Hamevaser
Aug. 1, 2014

A new Ezer Mizion program enables mentally ill, young, religious men to rehabilitate in a sheltered environment  without giving up on their values.Brown Satin Kippah
The Cohen family experienced a saga of worry, distress, and deep challenge when their son Moshe, an 18-year-old yeshiva boy, went through a mental crisis. What bothered them most of all was the fact that he was left without a  framework suitable for a yeshiva student. Moshe, who was an ordinary yeshiva bachur, required mental rehabilitation – that was not a matter of debate. But the Cohen family, who understood the importance of being in the right religious environment, would not compromise on the spiritual level of the place where Moshe would actualize his Rehabilitation Package entitlements.
In the goal of providing a proper response to the public’s heartfelt wishes, Ezer Mizion recently opened a rehabilitation framework for yeshiva boys. This would be a program where parents could send their children without religious  concerns,  assured that they are in a place that provides their rehabilitative needs but without compromising in any way on their spiritual needs.

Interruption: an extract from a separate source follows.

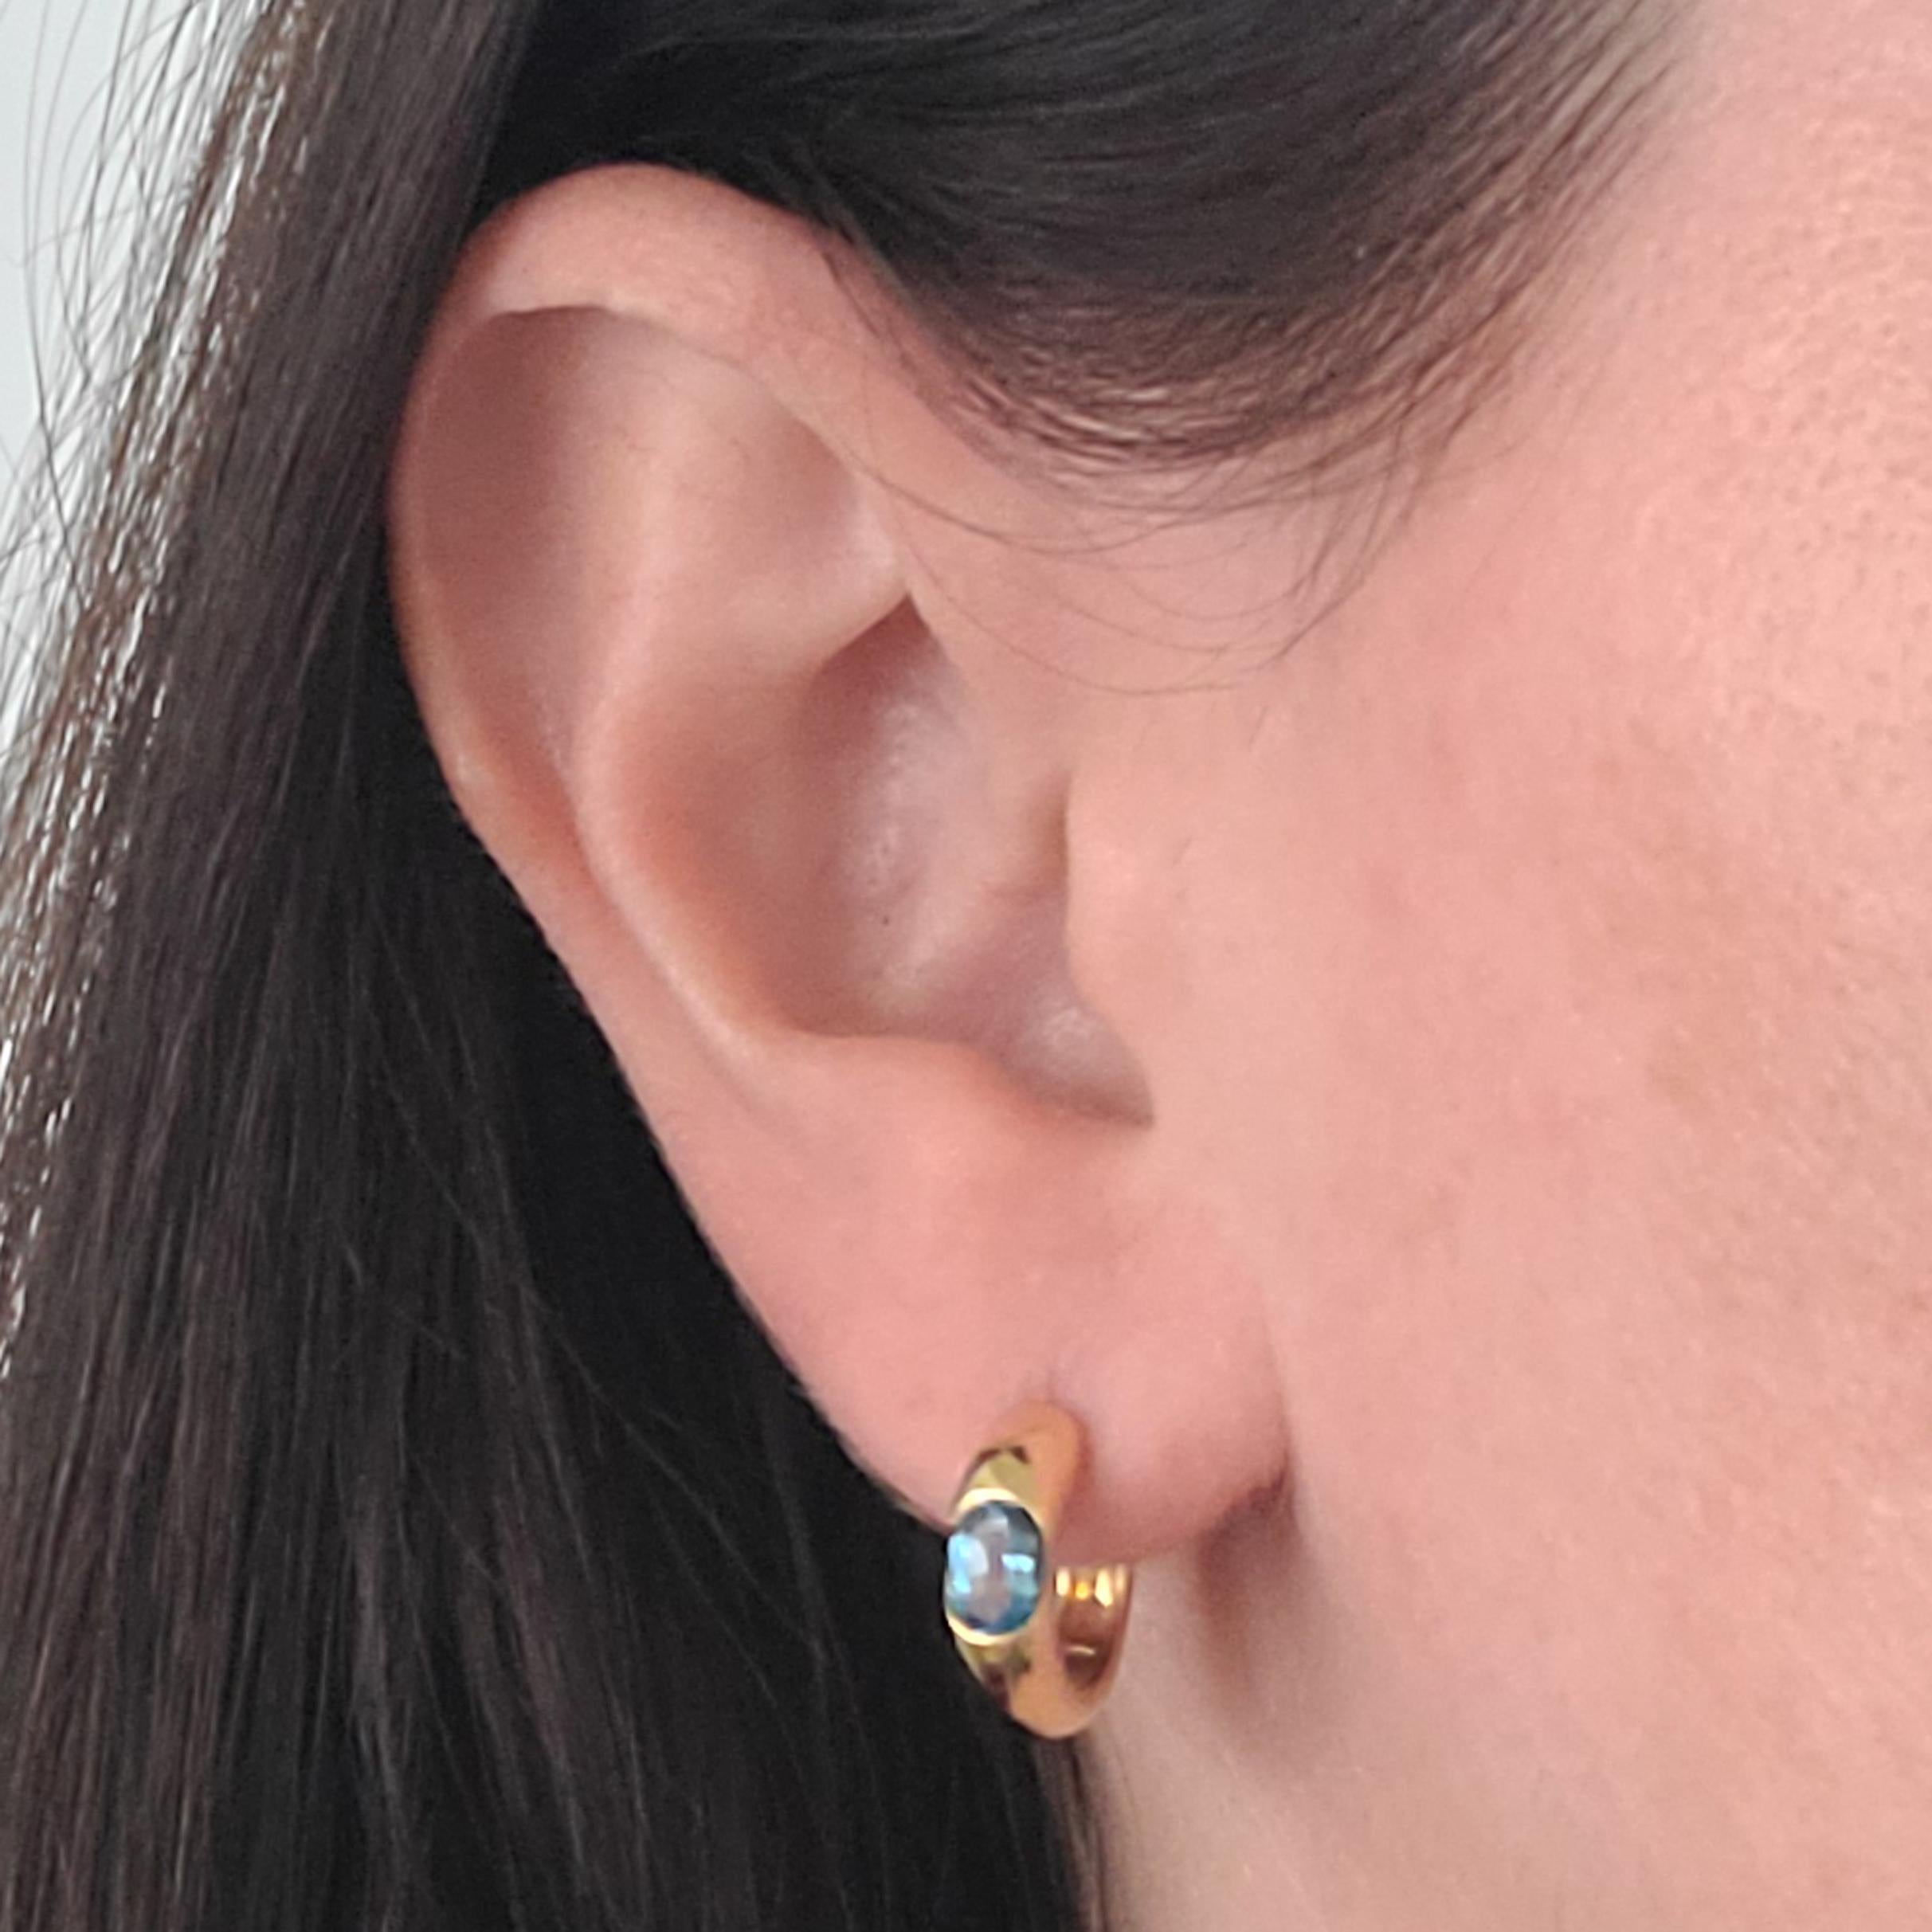 H. Stern 18 Karat Yellow Gold 4.55mm Wide Rounded Huggie Hoop Earrings Featuring 2 Oval Cut Blue Topaz. 15mm Diameter. Pierced Post With Hinge Closure. Finished Weight Is 4.8 Grams.

The program, which begins at one in the afternoon, opens with a hot lunch and an equally warm encounter with the rehabilitation counselor. Next, the boys sit with Rabbi Zikinovsky and hear a Torah lecture. At the end of the lecture, the boys engage in work that was personally matched up to each one by the social worker who accompanies them and builds each one an individual rehabilitation program. The rehabilitation counselor is at their side while their work, guiding and supporting them, so that the rehabilitative goals will be fully achieved and so that any difficulty, problem, or request will be receive an optimum and timely response.
After the work session, the boys gather for a variety of group activities: joint conversations with the social worker, exercise, choir, and more.
Ezer Mizion reports a great deal of interest in the new project and in programs to expand the adapted program to the realm of social and leisure-time activity. “Based on our vast experience in the area of mental health and our familiarity with the individual needs of this unique group of rehabilitating clients, we intend to open a leisure-time program that will correspond to the Jewish life cycle. For example, Motzaei Shabbat (Saturday evening) in the wintertime, which currently are construed by them as long, boring evenings, will become fertile and refreshing interludes, through the Melave Malkas (parties)that we will organize. We know that for the sake of the boys’ future, we must continue to regard them as “yeshiva bachurim” in every way. This new framework is a professional rehabilitative facility that takes place in an environment that is suitable to them and from which they can G-d willing go on to resume functioning within the community, to a life of Torah and avodat Hashem (serving G-d).